Ma non ci sono solo gli accusatori che si allontanano. C’è anche la donna che rimane, sola, davanti a Gesù.
Dopo l’incontro silenzioso, fatto di soli gesti, ora è possibile l’incontro parlato, che comincia con l’appellativo rivolto da Gesù alla sua interlocutrice: «Donna». La chiama «donna», come aveva fatto con sua madre (Giovanni 2,4) e con la samaritana (Giovanni 4,21), come farà con Maria di Magdala nell’alba di Pasqua (Giovanni 20,15).
Rivolgendosi a lei in questo modo Gesù le restituisce la sua dignità, la fa risaltare davanti a sé per quella che è: non un’adultera, non una peccatrice (tutti titoli che anche daremmo e di fatto diamo a una moglie infedele), ma una donna.
Nessuno le aveva rivolto la parola, tutti l’avevano trascinata lì come un oggetto; Gesù invece le rivolge la parola, la restituisce alla sua dignità di donna e le chiede: «Dove sono [i tuoi accusatori]? Nessuno ti ha condannata?». Ed essa rispondendo: «Nessuno, Signore» fa una grande confessione di fede. Colui che si trova di fronte a lei è più di un semplice maestro, «è il Signore».

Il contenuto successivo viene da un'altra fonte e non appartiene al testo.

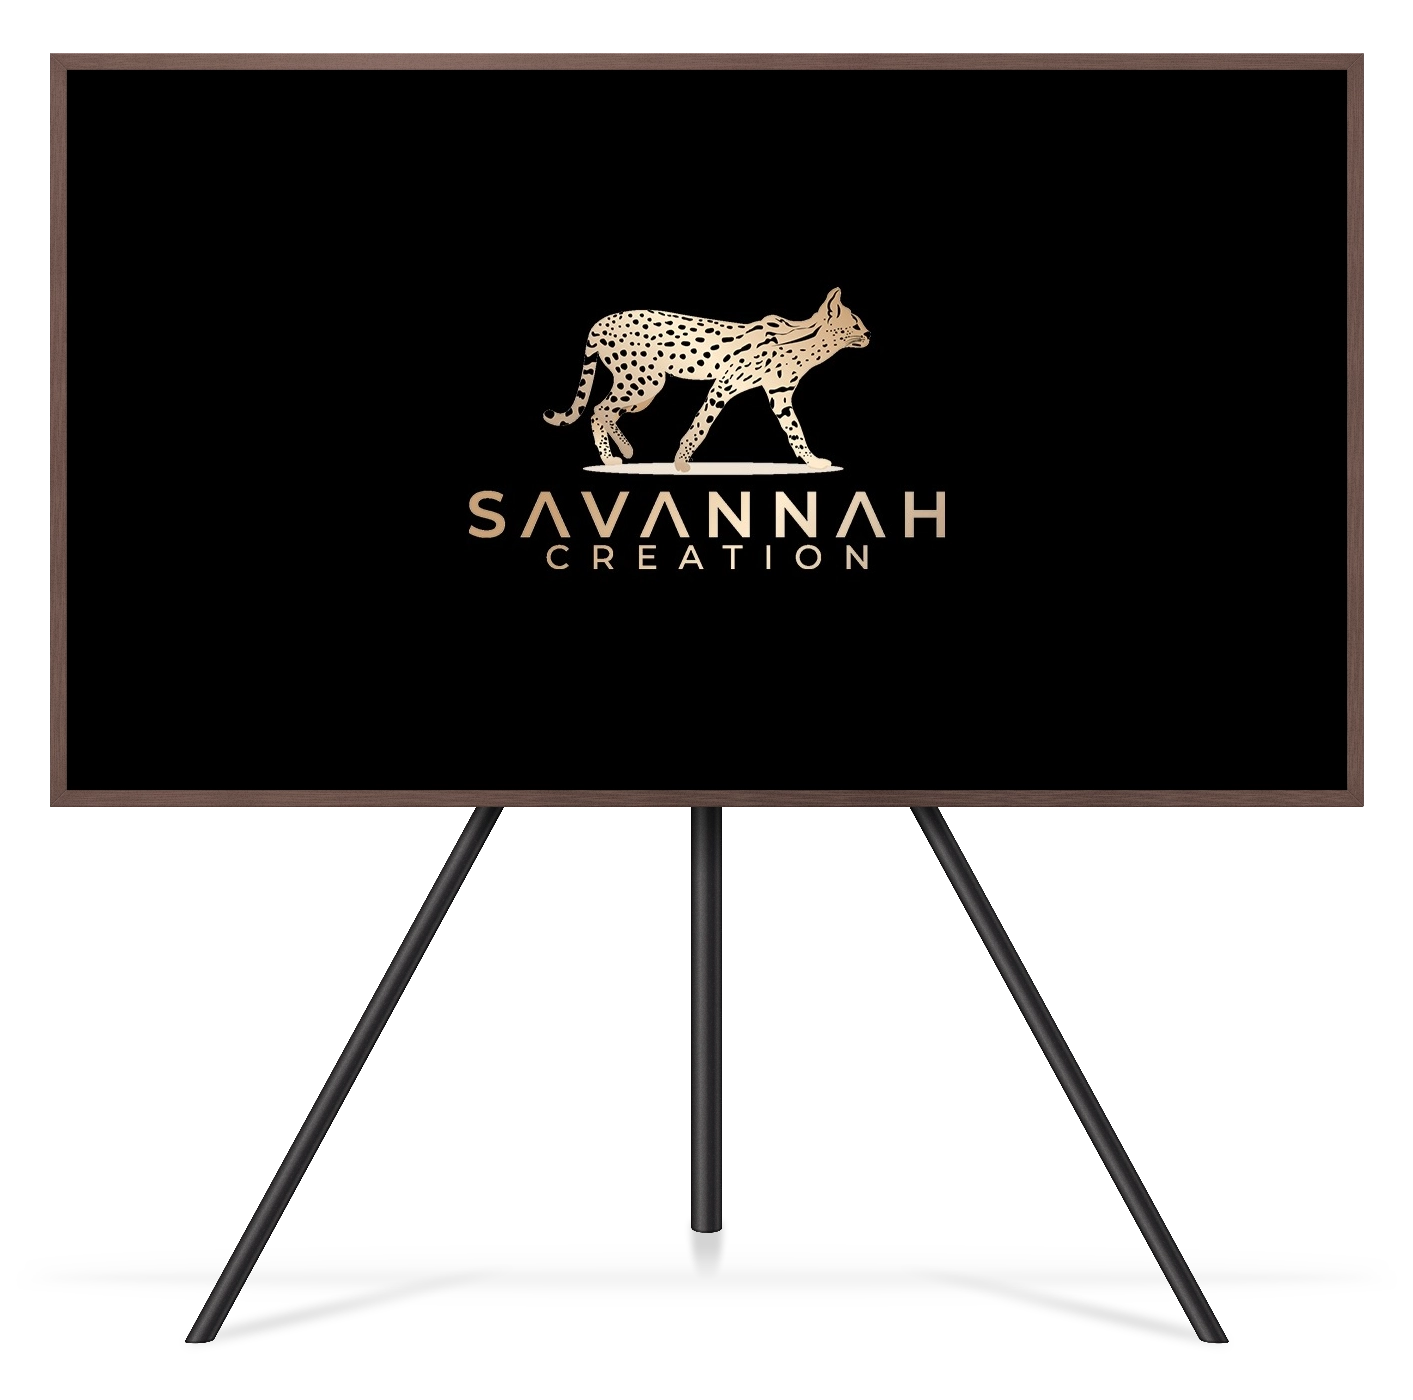 Télévision sur pied exposant une création graphique du logo savannah creation

Infine, Gesù conclude questo incontro con un’affermazione straordinaria: «Neanch’io ti condanno; va’ e d’ora in poi non peccare più».
Sono parole gratuite e unilaterali. Il testo, infatti, non ci dice che la donna era pentita, non è interessato ai suoi sentimenti ma rivela che, quando è avvenuto l’incontro tra la santità di Gesù e il peccato di questa donna, allora – per riprendere ancora le parole di Agostino d’Ippona – «rimasero solo loro due, la misera e la misericordia». Ecco la gratuità di quella assoluzione: Gesù non condanna, perché Dio non condanna, ma con questo suo atto di misericordia preveniente offre a quella donna la possibilità di cambiare.
Non ci viene detto che essa cambiò vita, che si convertì, che andò a fare penitenza né che diventò discepola di Gesù e si mise a seguirlo. Guardiamoci bene dal far dire a questo brano ciò che noi desidereremmo dicesse. Non sappiamo se questa donna perdonata dopo l’incontro con Gesù abbia cambiato vita: sappiamo solo che, affinché cambiasse vita e tornasse a vivere, Dio, che non vuole la morte del peccatore, l’ha perdonata attraverso Gesù e l’ha inviata verso la libertà: «Va’, va verso te stessa e non peccare più».

Dopo la lettura di questo incontro possiamo comprendere meglio perché Gesù abbia potuto dire: «Io non giudico nessuno» (Giovanni 8,15). Gesù, infatti, è venuto non per giudicare ma per salvare il mondo (Giovanni 3,17); è venuto per i peccatori, non per i giusti; per i malati, non per i sani (Marco 2,17).